Work order: Reproduce, word for word, the lines in the material below starting with the one that has "Honeywell Cool Moisture" and going on through the one that has "LPD Internal Carini". Leave out all pictures.

Source material:

Content starts

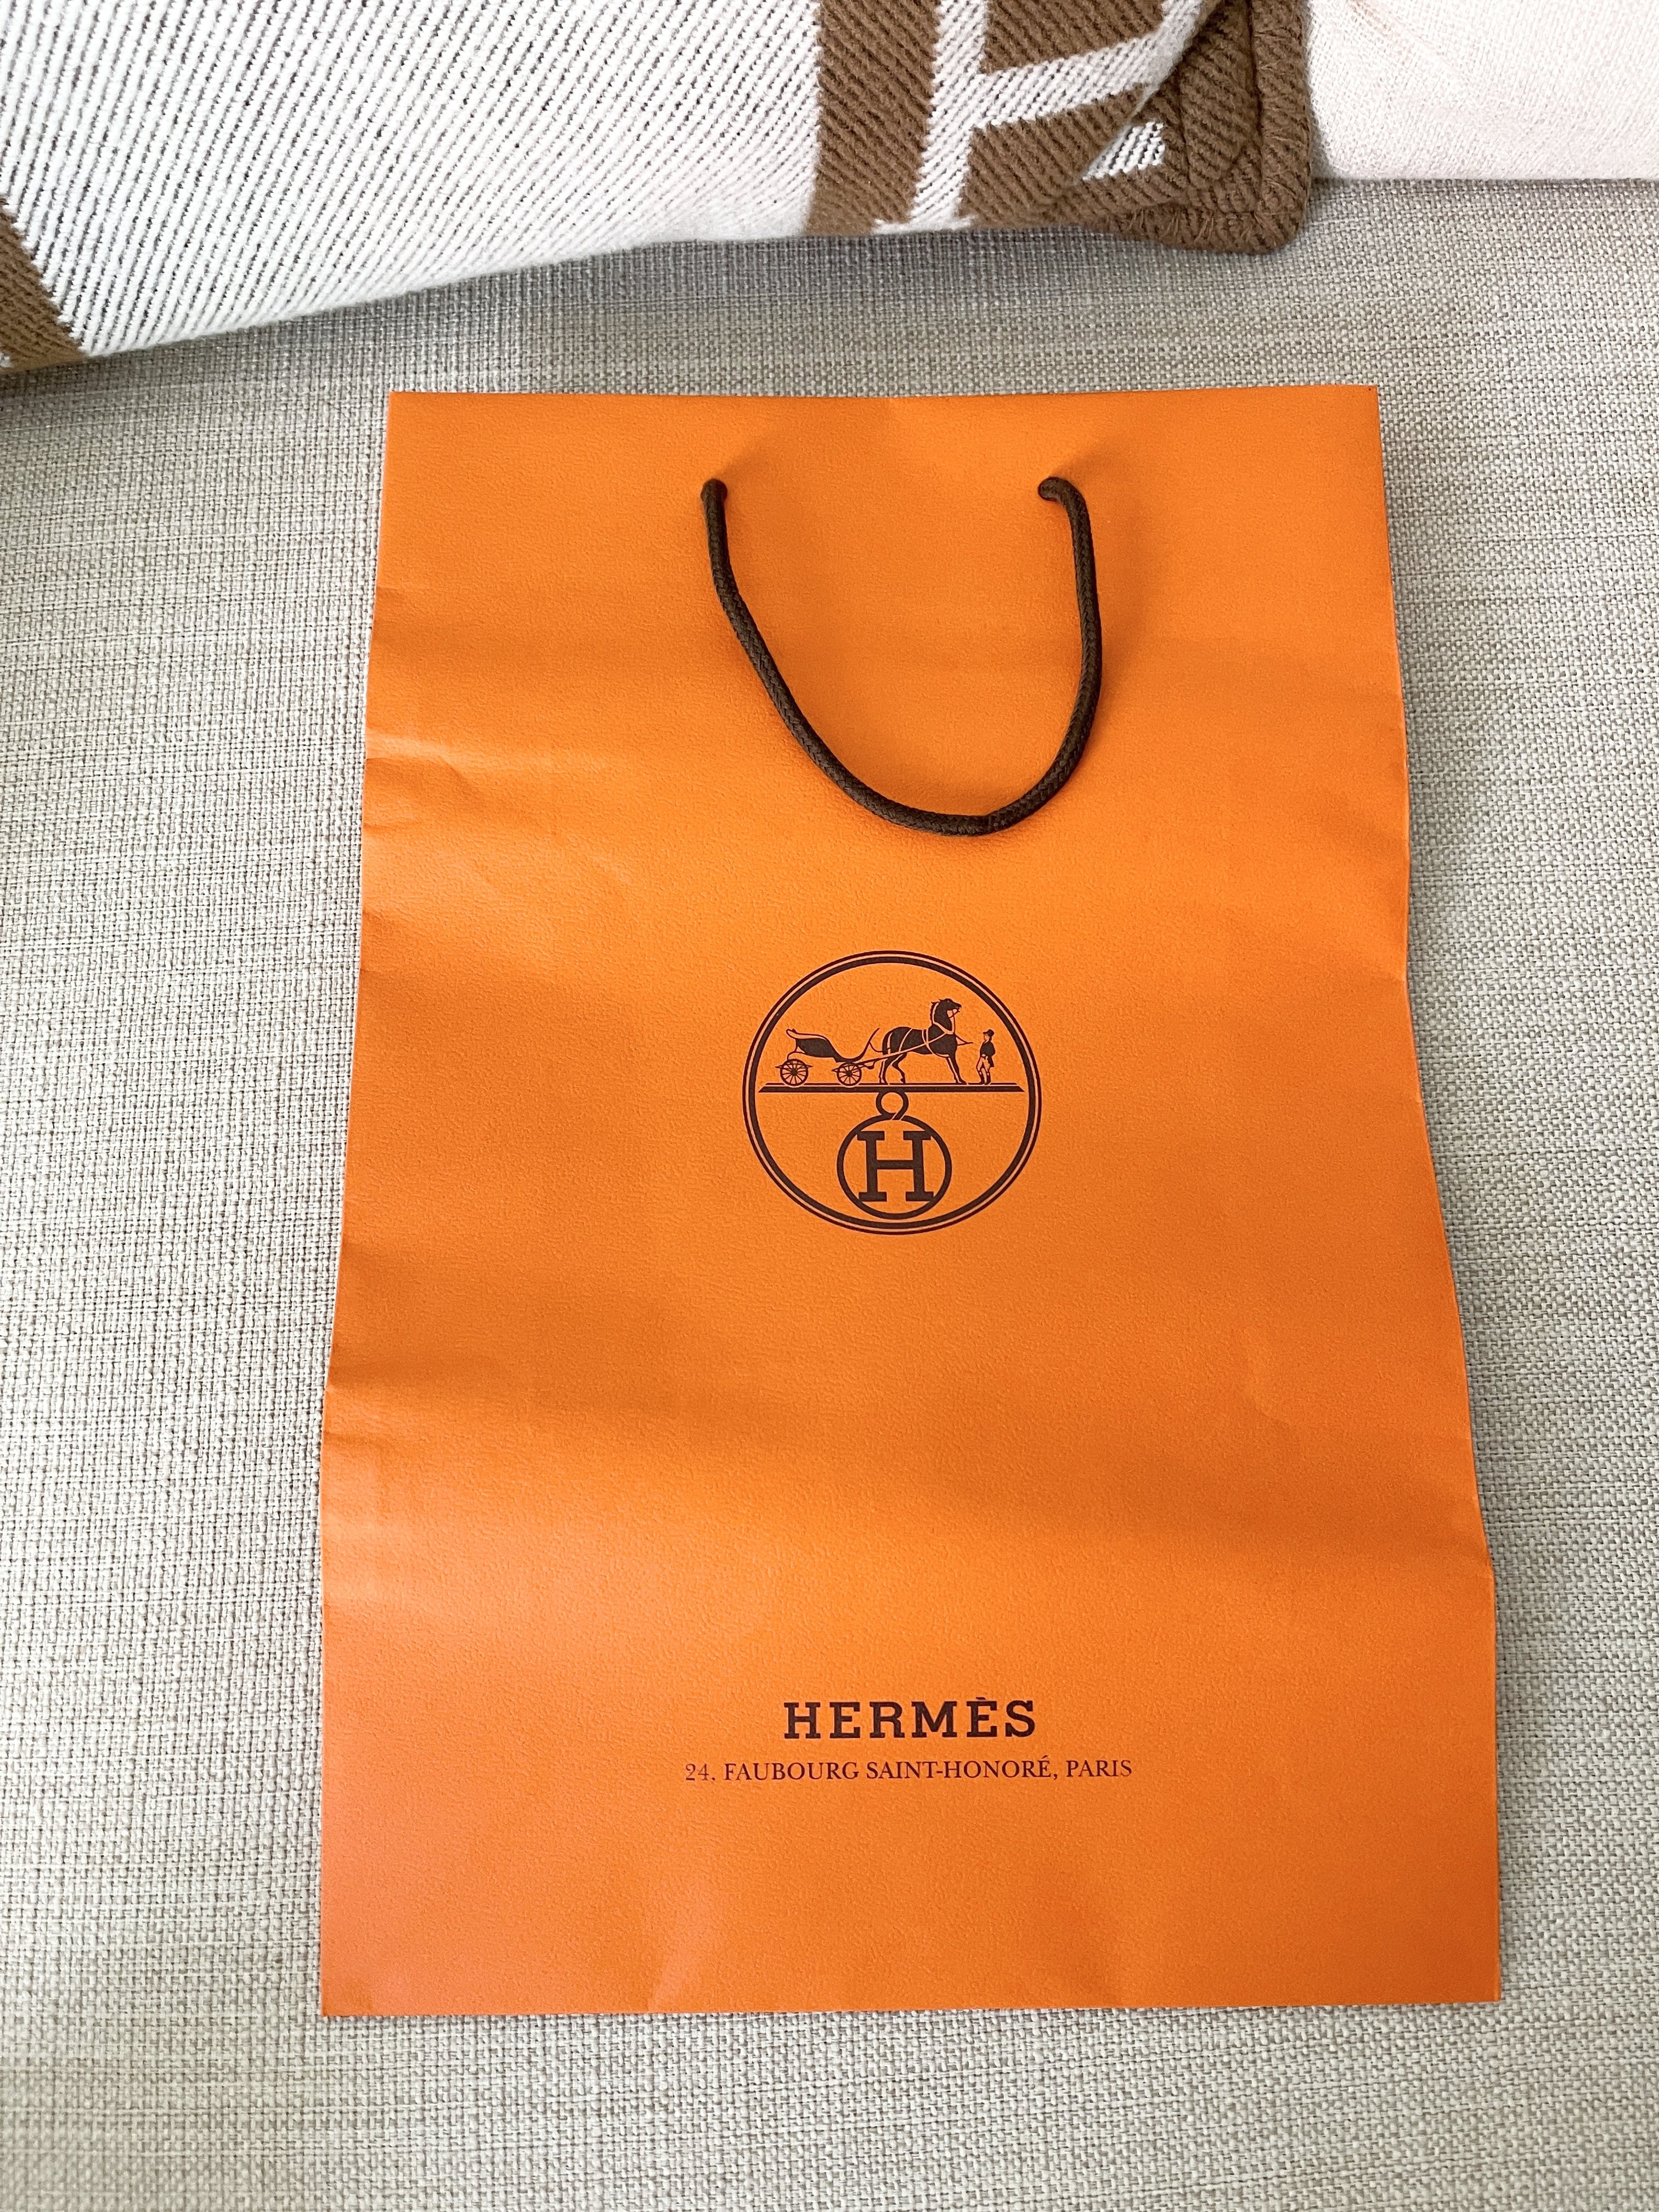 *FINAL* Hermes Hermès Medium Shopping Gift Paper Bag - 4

Content ends
Content starts

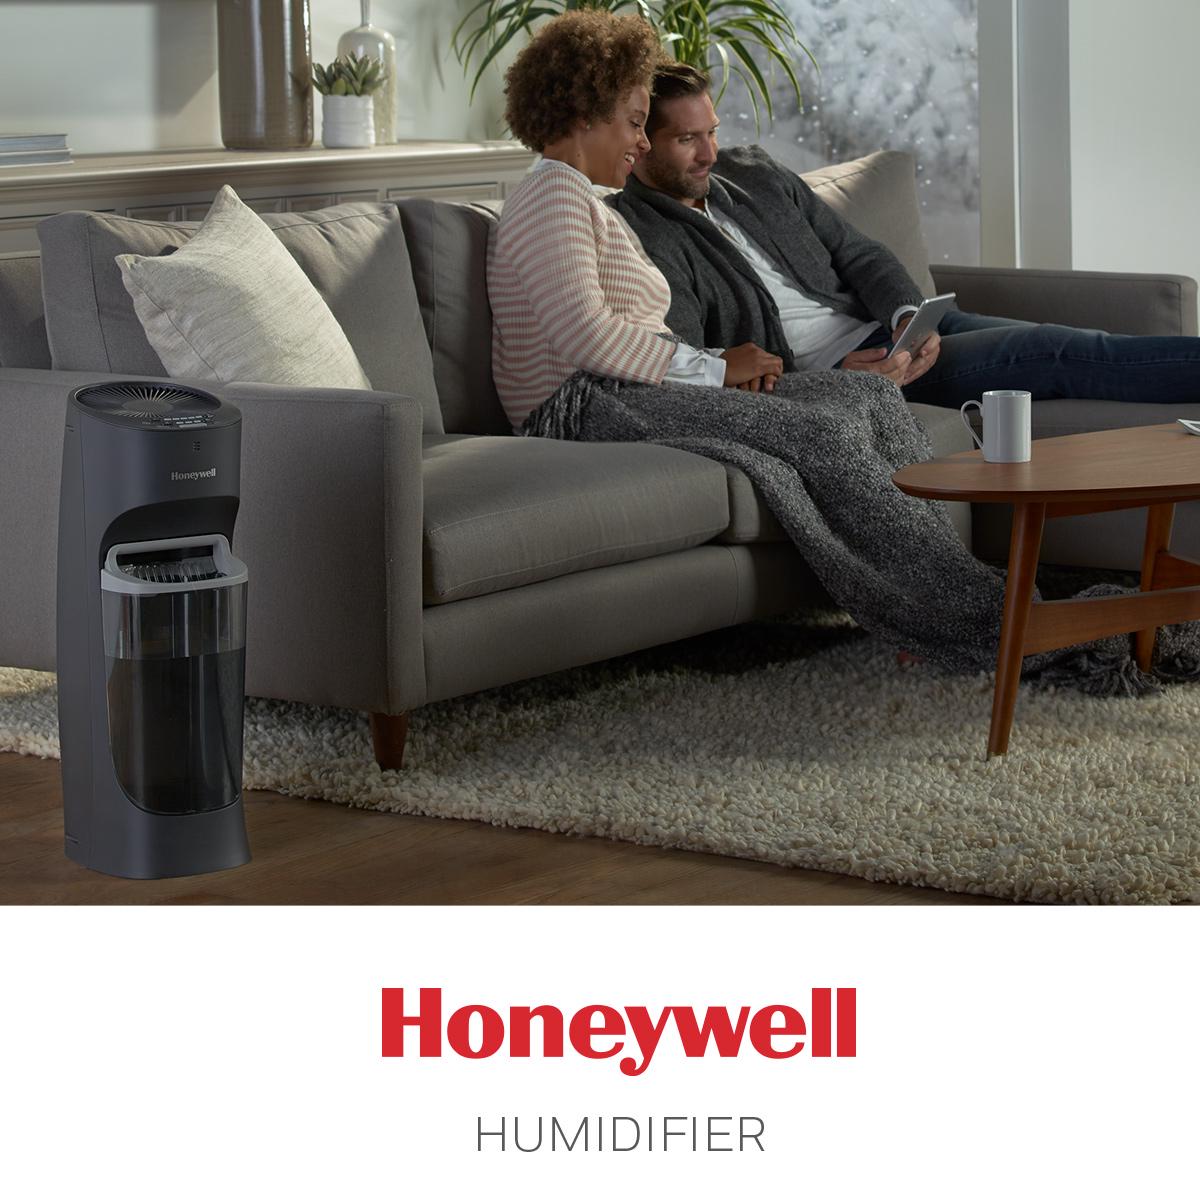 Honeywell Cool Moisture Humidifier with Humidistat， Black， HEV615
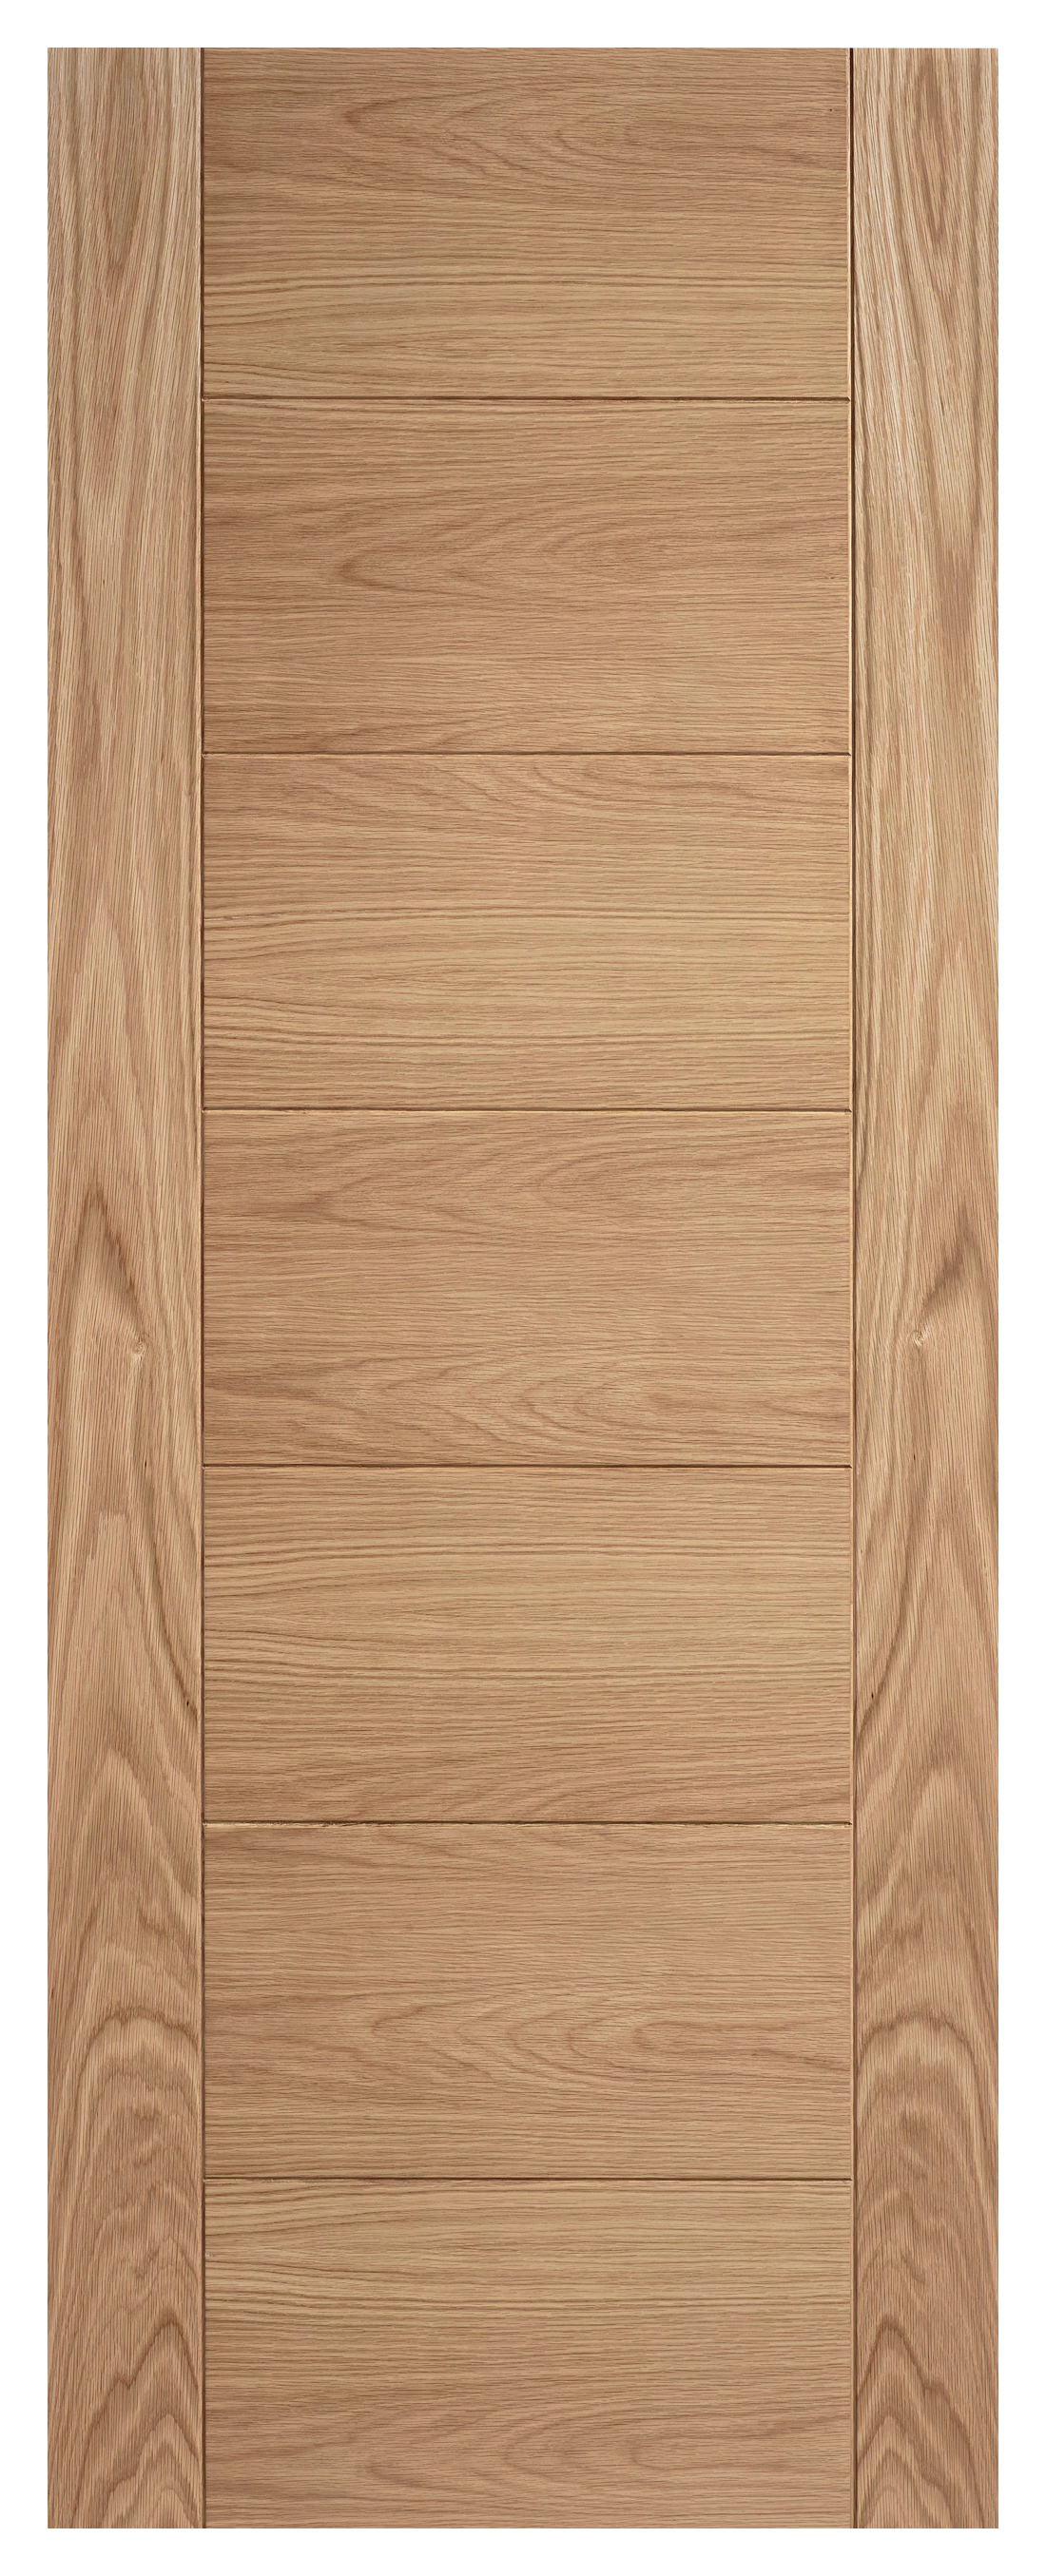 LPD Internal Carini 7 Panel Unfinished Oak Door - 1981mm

Content ends

Solution to this problem:
 Honeywell Cool Moisture Humidifier with Humidistat， Black， HEV615
 LPD Internal Carini 7 Panel Unfinished Oak Door - 1981mm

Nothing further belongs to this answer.